Provided that where such appeal is against an order of assessment made under section 144, he may set aside the assessment and refer the case back to the Assessing Officer for making a fresh assessment;

(aa) in an appeal against the order of assessment in respect of which the proceeding before the Settlement Commission abates under section 245HA, he may, after taking into consideration all the material and other information produced by the assessee before, or the results of the inquiry held or evidence recorded by, the Settlement Commission, in the course of the proceeding before it and such other material as may be brought on his record, confirm, reduce, enhance or annul the assessment;

(b) in an appeal against an order imposing a penalty, he may confirm or cancel such order or vary it so as either to enhance or to reduce the penalty;

(c) In any other case, he may pass such orders in the appeal as he thinks fit.

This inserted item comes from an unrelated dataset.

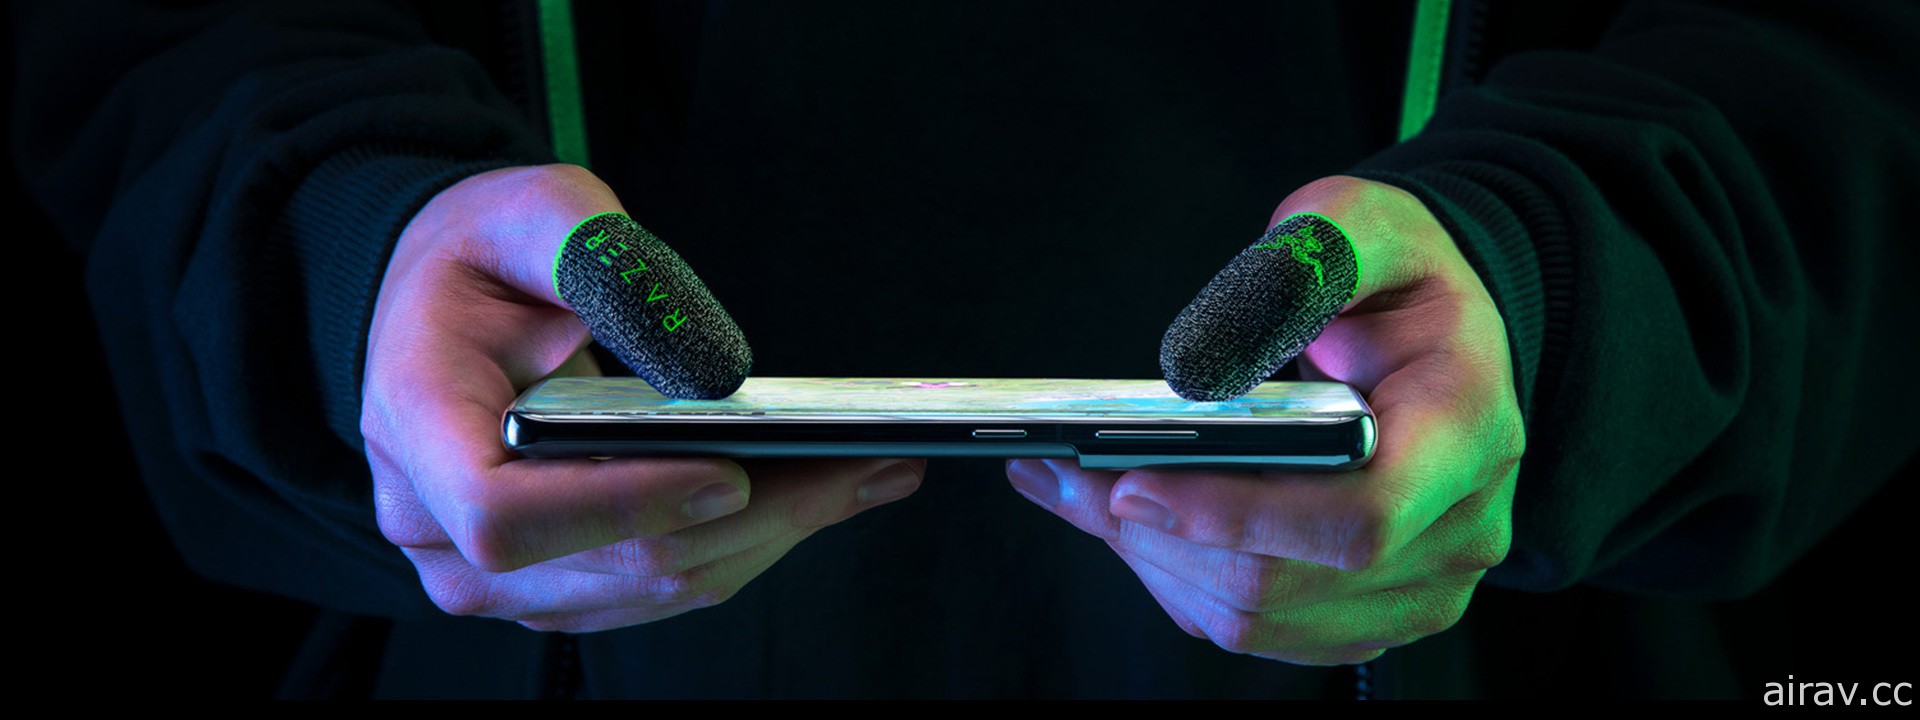 雷蛇推出手机游戏专用“电竞指套 Razer Gaming Finger Sleeve” 强调轻薄、高灵敏度

(1A) in disposing of an appeal, the Joint Commissioner (Appeals) shall have the following powers—

a. in an appeal against an order of assessment, he may confirm, reduce, enhance or annul the assessment;

b. in an appeal against an order imposing a penalty, he may confirm or cancel such order or vary it so as either to enhance or to reduce the penalty;

c. In any other case, he may pass such orders in the appeal as he thinks fit.

(2) The Joint Commissioner (Appeals) or the Commissioner (Appeals), as the case may be, shall not enhance an assessment or a penalty or reduce the amount of refund unless the appellant has had a reasonable opportunity of showing cause against such enhancement or reduction.

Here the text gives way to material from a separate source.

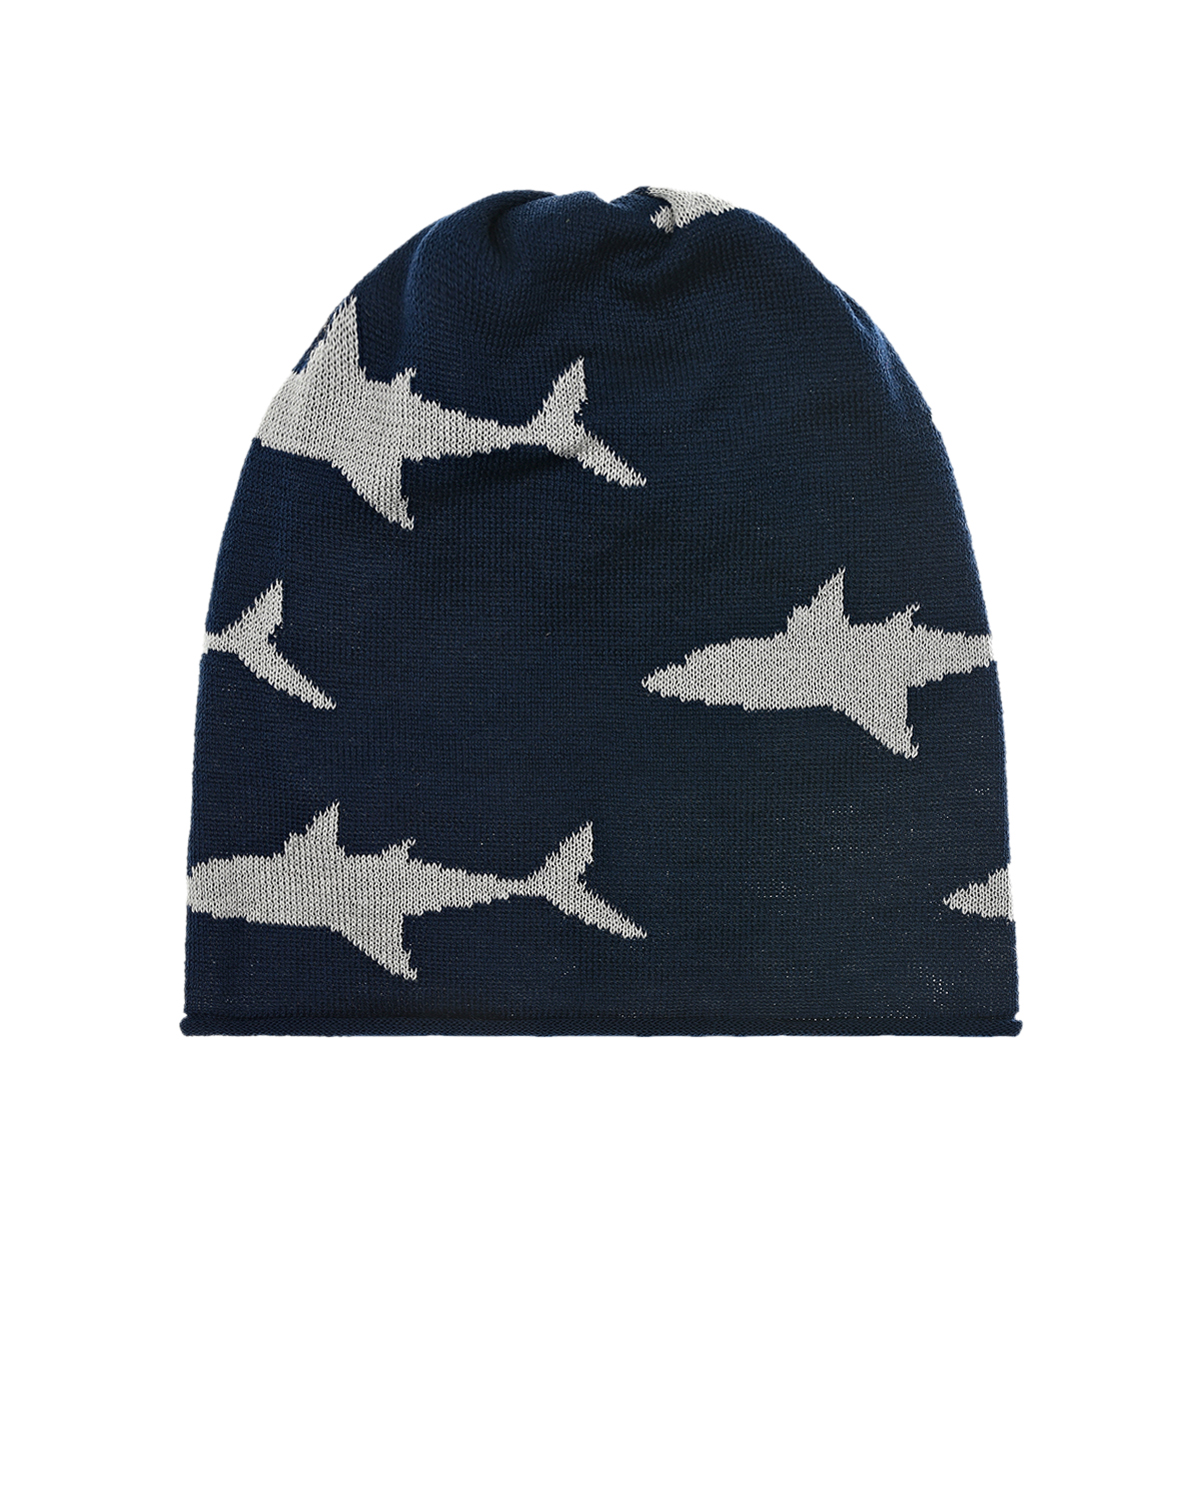 Синяя шапка с принтом "Акулы" Catya детская, размер 51, цвет синий - фото 1

Explanation.—In disposing of an appeal, the Joint Commissioner (Appeals) or the Commissioner (Appeals), may consider and decide any matter arising out of the proceedings in which the order appealed against was passed, notwithstanding that such matter was not raised before the Joint Commissioner (Appeals) or the Commissioner (Appeals), as the case may be, by the appellant.

4. In view of the above explanation below section 251 of the Act, the Ld. CIT (A) which were not the part of proceedings before the AO. As observed (supra) that the behaviour of the assessee was not appreciable before the AO, still in our opinion only real income can be taxed and there is no scope of taxing the notional income. As it is transpired that the assessee, came forward fully to adduce the evidences and to discuss the matter before the Ld. CIT (A). In that situation, in our opinion, a liberal view needs to be taken by the Ld. CIT (A) and matter is to be decided on its merits.

5. Before us the assessee submitted that he was involved in the business of trading of Kota Stones. The purchases were made by the assessee from Ramganj Mandi, Kota sale and most of the sales are made at Delhi, Gurgaon, Noida and Jaipur etc. where the buyer of the goods deposit the sale proceeds in the bank account of the assessee. The amount so deposited was withdrawn by the assessee for making payments of the purchases. To substantiate its indulgence in business the assessee produced and filed before us the registration certificate issued by the VAT Department, confirming his details like name, address, type of business etc.

6. It was submitted before the Ld. CIT (A), that for A.Y. 2010-11, i.e. immediate preceding year, the revenue has accepted the income of the assessee at Rs. 1,42,000/- on cash deposit of Rs. 13,69,875/-, while assessed the income of the assessee u/s. 143(3) r.w.s. 147 of the Act. Alternatively, the assessee relied on Peak Credit Theory and figure comes out to be Rs. 1, 39,000/-. It is observed that the assessee is in the business of retail, where section 44AD of the Act can be applied and Gross deposit can be taxed @ 8% on total deposit as net profit of the business, which comes to Rs. 2,04,536/-.

7. This fact is not under challenge now that the assessee was indulge in the business of Kota Stone on retail basis, as the same position has been accepted by the Revenue in immediate preceding A.Y. In view of this fact, Ground No. 1 raised by the assessee is partially allowed and addition is restricted upto Rs. 2, 05,000/-and addition made by the AO of Rs. 25, 56,700/- and further confirmed by the Ld. CIT (A) is deleted.

8. In the result, the appeal of the assessee is partly allowed.

Order pronounced in the open court on 20thday of December 2024.